British electronic dance music group

Aurora, also known as Aurora UK, are a British electronic dance music group, consisting of keyboardist/guitarist Sacha Collisson (born 14 November 1970) and fellow keyboardist Simon Greenaway (born 4 July 1969). Five of their singles charted on the UK Singles Chart; their biggest hit is their cover of Duran Duran's "Ordinary World" at No. 5.

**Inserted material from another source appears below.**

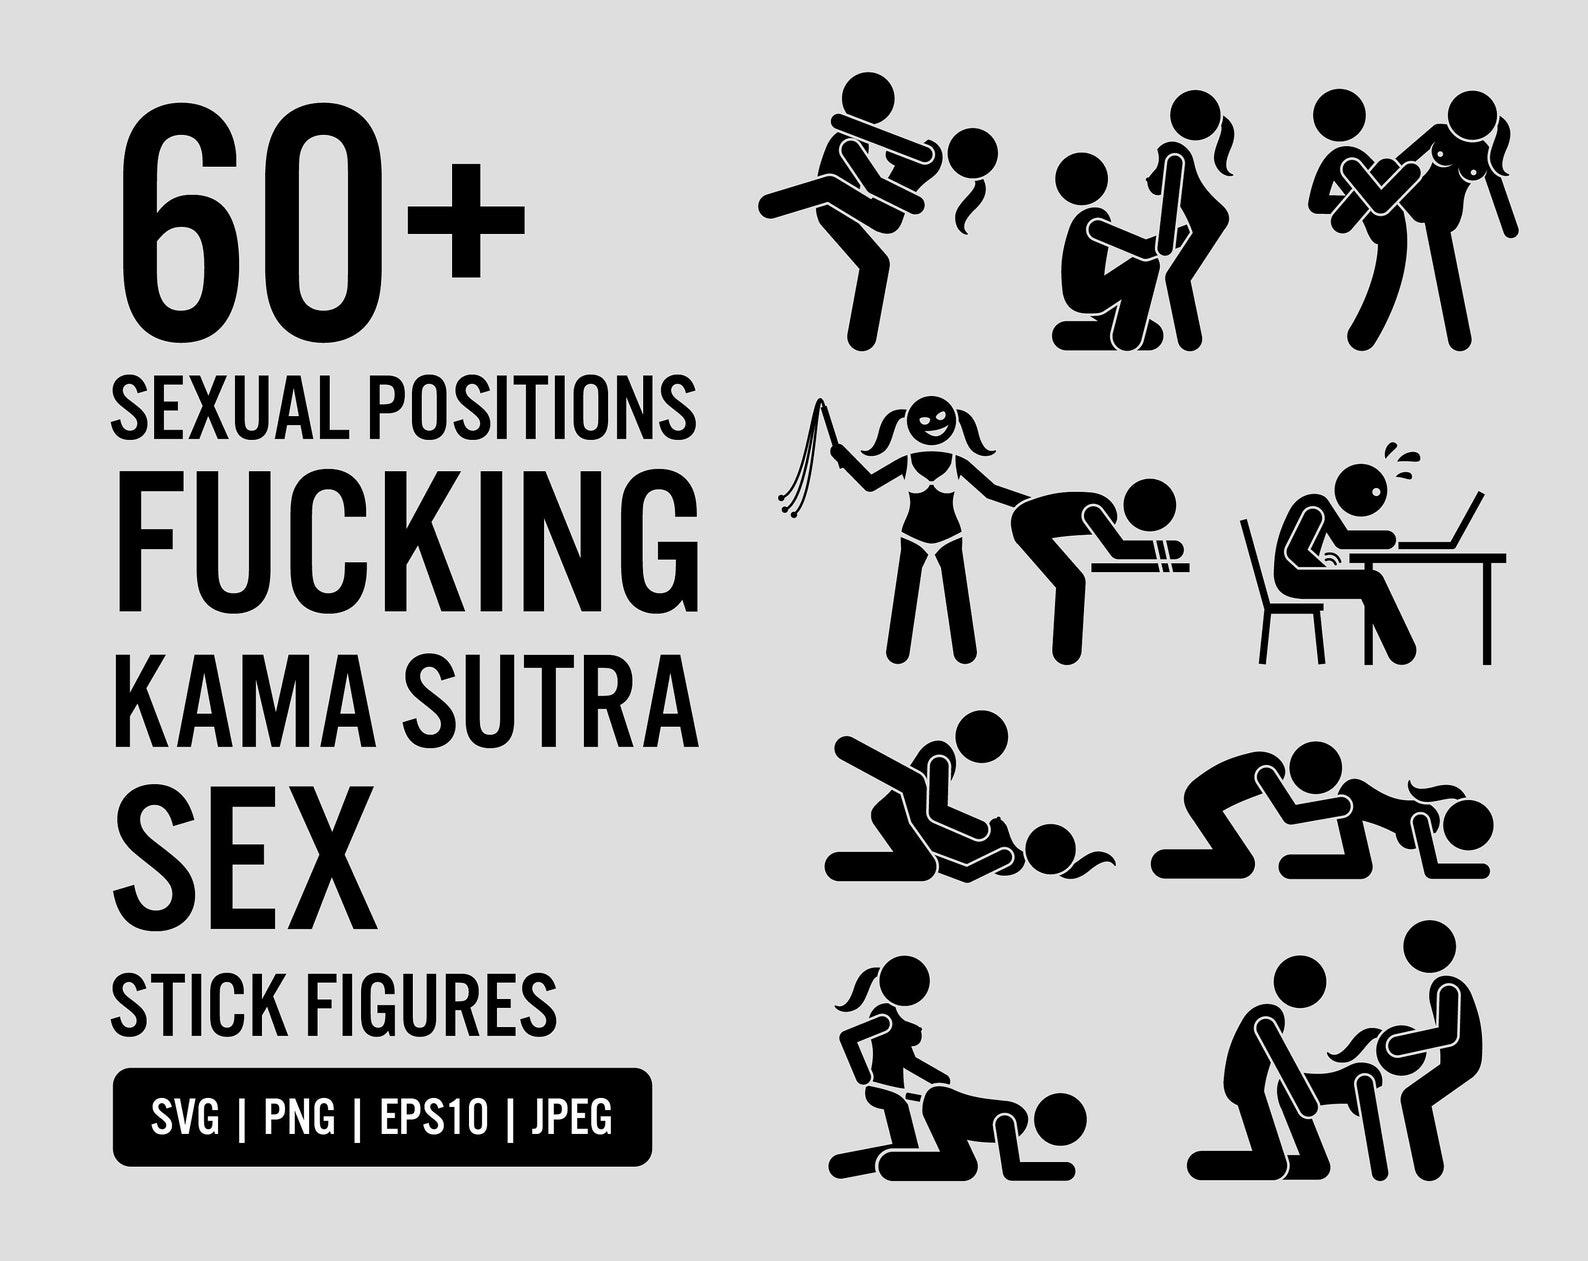 Kamasutra fucking positions hot gallery

Their first and only self-titled album was released in 2002 by EMI Records.

==Discography==
===Albums===
- Aurora (2002) (US release renamed Dreaming, credited to "Aurora UK", and contains two additional tracks, "Dreaming (LTI radio edit)" and "Ordinary World (radio mix)")

===Singles===
- "Hear You Calling" (1999) - UK No. 71
- "Hear You Calling" (re-issue) (2000) - UK No. 17
- "Ordinary World" (2000) - UK No. 5 (originally by Duran Duran)
- "Dreaming" (2002) - UK No. 24
- "The Day It Rained Forever" (2002) - UK No. 29
- "If You Could Read My Mind" (2002) (originally by Gordon Lightfoot)
- "Sleeping Satellite" (2003) – AUS No. 60 (originally by Tasmin Archer)
- "Real Life" (2005)
- "Summer Son" (2006) - UK No. 82 (originally by Texas)
- "Love Resurrection" (2009) (originally by Alison Moyet)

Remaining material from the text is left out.